How closely do you work with suppliers?

Eric Parry Very closely, and that dialogue is what makes projects ‘live’. There are examples where we’ve done a job and then the manufacturer has gone bust – it happens. The world of contracting and fabrication is a tough one and sort of a generational cycle. So, because of that, recording all the information about how, for example, a façade system worked is incredibly important for another generation of makers to be able to use.

The relationship with manufacturers is incredibly intimate, in the sense of being aware of all the potential issues, and being a way for people to improve their methods. For example, going to the quarry when specifying stone and seeing the quality of the material, because with natural materials you never know what’s coming next.

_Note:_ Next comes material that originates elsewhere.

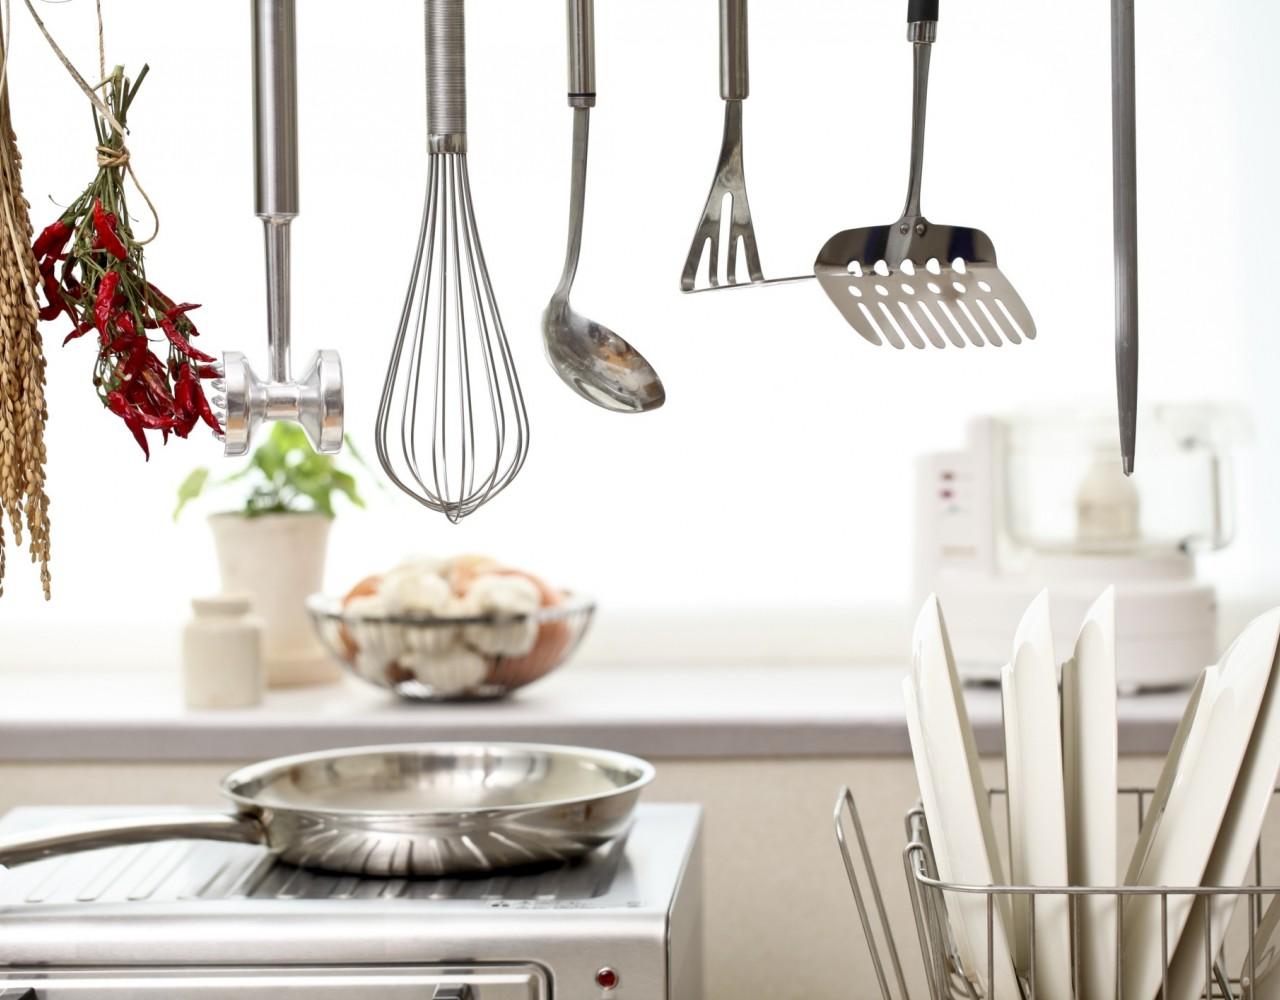 Préparation et accessoires de cuisine
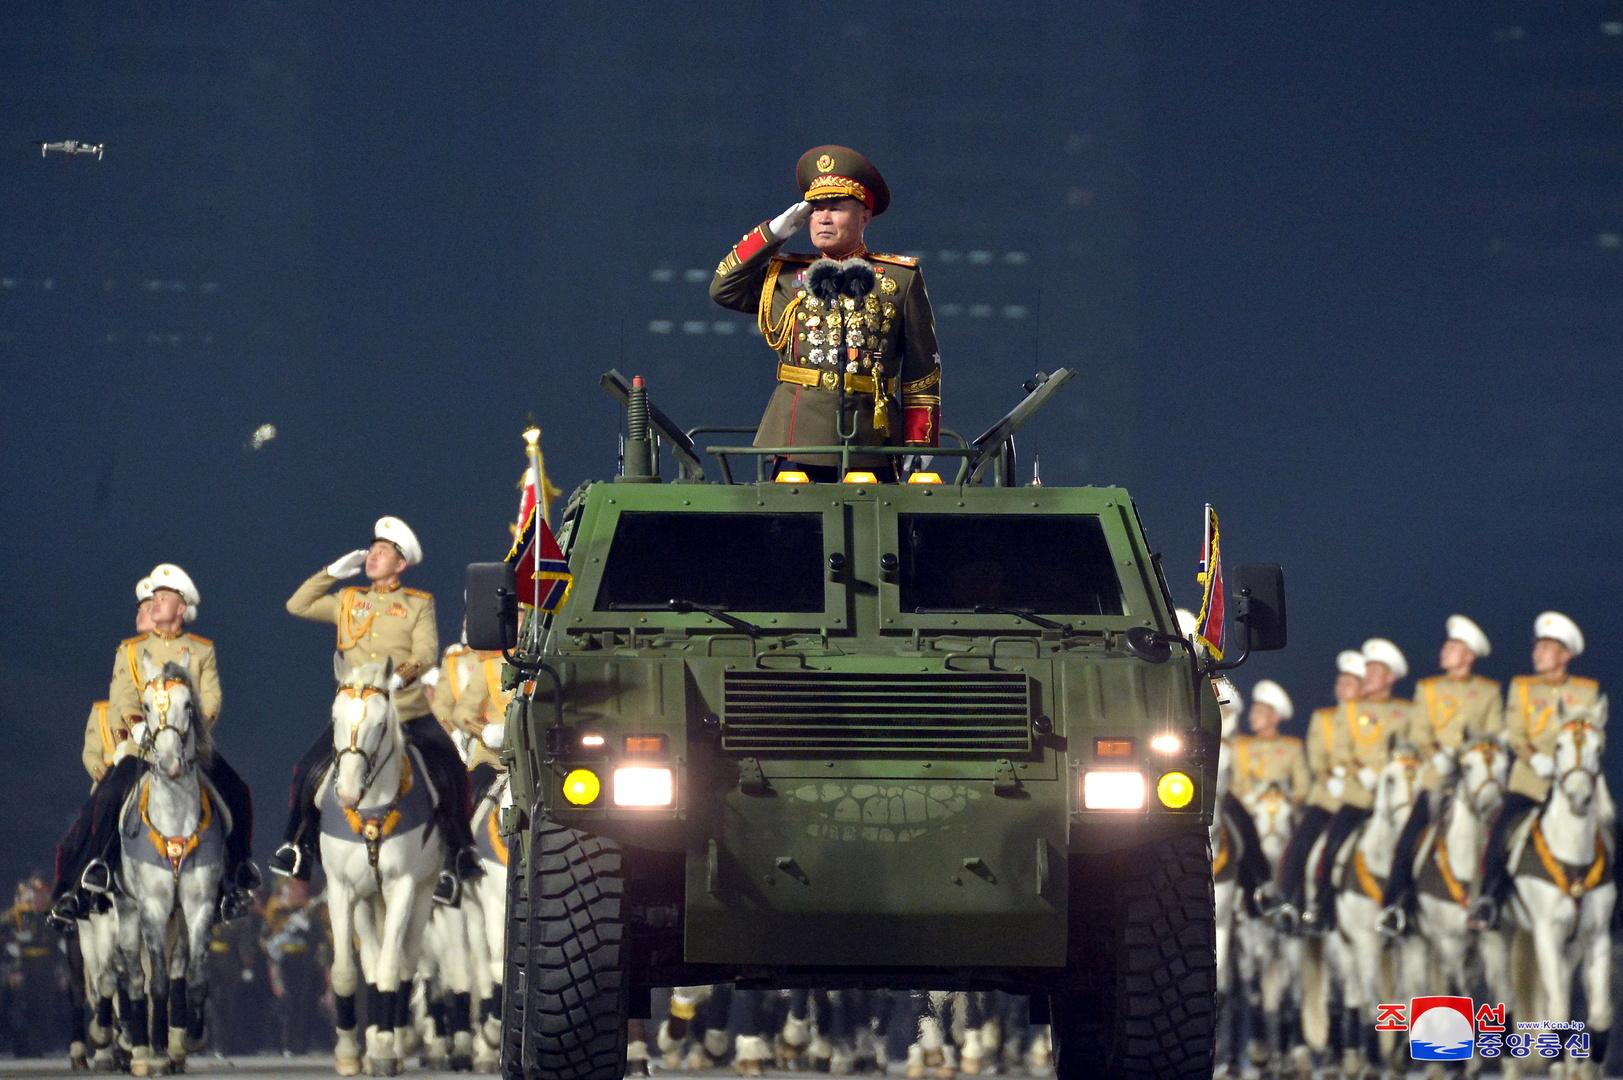 """""""يونهاب"""" تسلط الضوء على مقارنة للقوة العسكرية بين الكوريتين"""

Hannah Tourell We’re lucky to have a good relationship with façade consultant FMDC. They produce material booklets for us, which is a really useful resource for referencing purposes. We also record the challenges we come across with various manufacturers. We always feed back to them, and then they take that into consideration for future projects.

It’s a nice process of collaboration and learning together; working out how we can better specify. FMDC has worked with suppliers and then they’ve helped us learn how to better specify. And now, we’re going to use all that information and have a much smoother journey because we have this resource and we can have better conversations at earlier stages with contractors and subcontractors.

Buildings.

Shot-peened stainless steel lettering from Tuchschmid used for St Martin-in-the-Fields, London.

Eric Parry Our relationship with FMDC is very important and goes back a very long time to when the founding director worked at Arup, and I was really determined to have a self-supporting stone elevation on a building that’s now 25 years old at Pembroke College, Cambridge. And we’ve worked with them on almost every project since. It’s a continuous run that essentially means we have about 20 years of common, parallel experience, which is incredibly valuable.

I use the analogy of turning over a Persian rug: when you turn it over, you see the stitch and you can appreciate the dye. To see the work that’s gone on, you need to turn it over. I believe that with architecture, you need to be able to understand the story through the materials and their use in order to have a critical attitude to the problem. We’re not involved in stage design. These buildings, for instance, the City of London Police building at Salisbury Square, have a 125-year life. All our detailing has to work to that. It’s interesting to have these questions of longevity and buildings in mind.

Buildings.

Hot-forged steel from CB Arts, which has been galvanised, painted and lacquered, and used as a study for Charterhouse, London.

What material are you excited to use next? 

Eric Parry What’s really exciting is the combination of components at Salisbury Square. We’ve got the exoskeleton building for the City of London Police, plus an adjacent law courts building (an 18-court complex in stone) facing Fleet Street, and then the third building, which is employing ram-pressed, unglazed terracotta. That’s taken us to a really interesting point with research, building on what we have already done with faience.

We’re working with an American supplier, Boston Valley Terracotta for this, and undertaking a research project with them exploring the glazed and unglazed terracotta faience elements that they’re producing. Together, we’re also examining the relationship of faience and ‘growth’ – integrating terracotta with a green wall; letting the ceramic morph into something else to reflect the quality of the growth of lichen that has been involved with the unglazed faience.